# I'm looking for a straight answer....



## Clouder (8/1/16)

Why the hell is my coil popping?

I absolutely hate the popping! I've built many coils thus far, some goes pop, others doesn't...
I build my first Ni200 dual coil about 2 weeks back, all was well, rewicked it thrice, now it started popping this morning...

Why is it doing this?


----------



## Silver (8/1/16)

Hi @Clouder 

I dont know about Ni because Ive not used it

But with my kanthal coils i have noticed popping relates to 
- whether im using spaced or compressed coils with spaced usually more prone to popping
- how tight my wicking is - sometimes if its a bit loose i find it pops

Hope that helps

Reactions: Like 1 | Agree 6


----------



## Khan83 (8/1/16)

Hi @Clouder 

Also have no experience with Ni but with my Kanthal builds I either get a lot of popping with twisted builds or when the chamber starts flooding. Not flooding to the point where it causes leaks but to the point where the cotton is over saturating.
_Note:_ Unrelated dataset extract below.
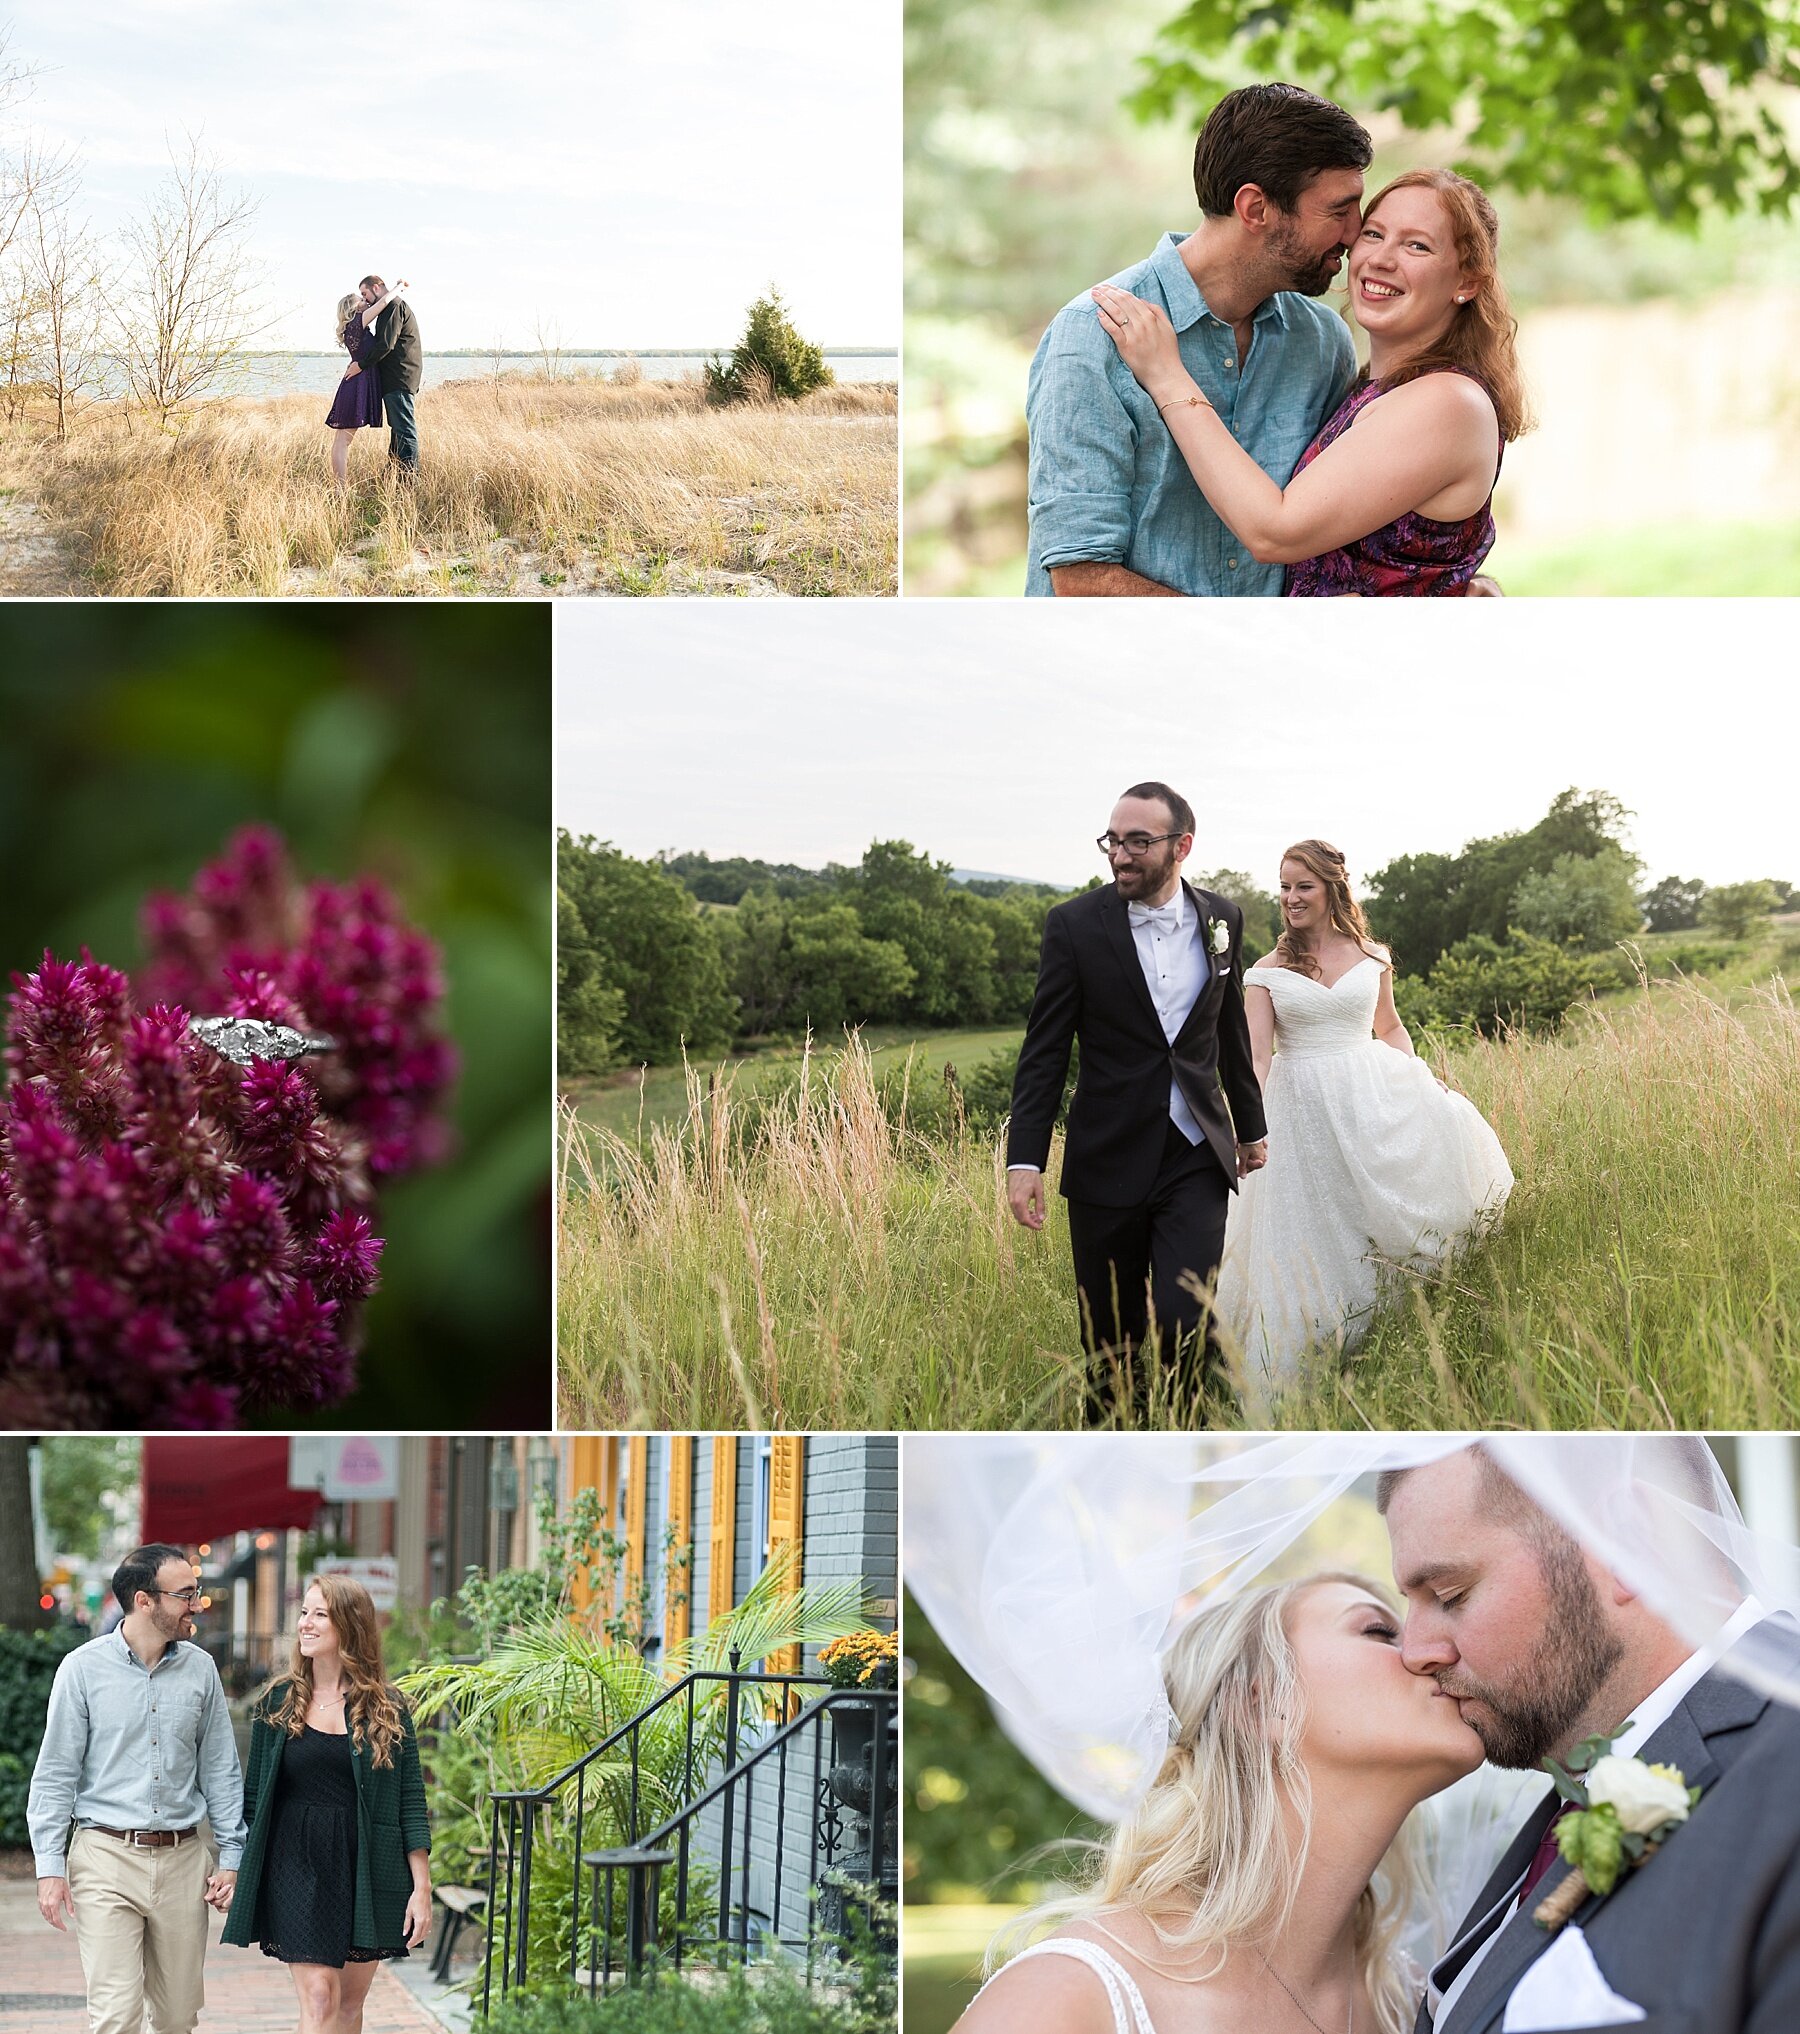 Wendy Zook Photography | Maryland wedding photographer, MD wedding photographer, MD love stories

Never had a popping issue with the Scottish wicking though.

Reactions: Like 1 | Agree 1


----------



## Dubz (8/1/16)

It's usually due to your wick not being tight enough inside your coil.
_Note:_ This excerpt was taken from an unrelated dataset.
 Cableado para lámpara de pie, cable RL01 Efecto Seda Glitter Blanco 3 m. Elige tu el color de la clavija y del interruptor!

Reactions: Like 1 | Agree 2


----------



## Ernest (8/1/16)

Popping is from to much juice. If there is a gap where juice can accumulate right under the coil, that juice explodes with a pop when heated.

Reactions: Like 1 | Agree 4


----------



## zadiac (8/1/16)

Over saturation of the wick also causes popping. I found that loose wick and over saturation to be the culprits most of the time. I rarely have popping now that I've corrected those two issues.

Reactions: Like 1 | Agree 6


----------



## vaporbud77 (8/1/16)

I agree with @Silver, usually when I build spaced coils it tends to pop far more than anything else. In terms of Ni coils, Try get ahold of some 30 or 31 gauge and try twisted wire, the twist will cause it to heat up abit slower because of the increased surface area, flavour will also increase as a bonus.

Reactions: Like 3


----------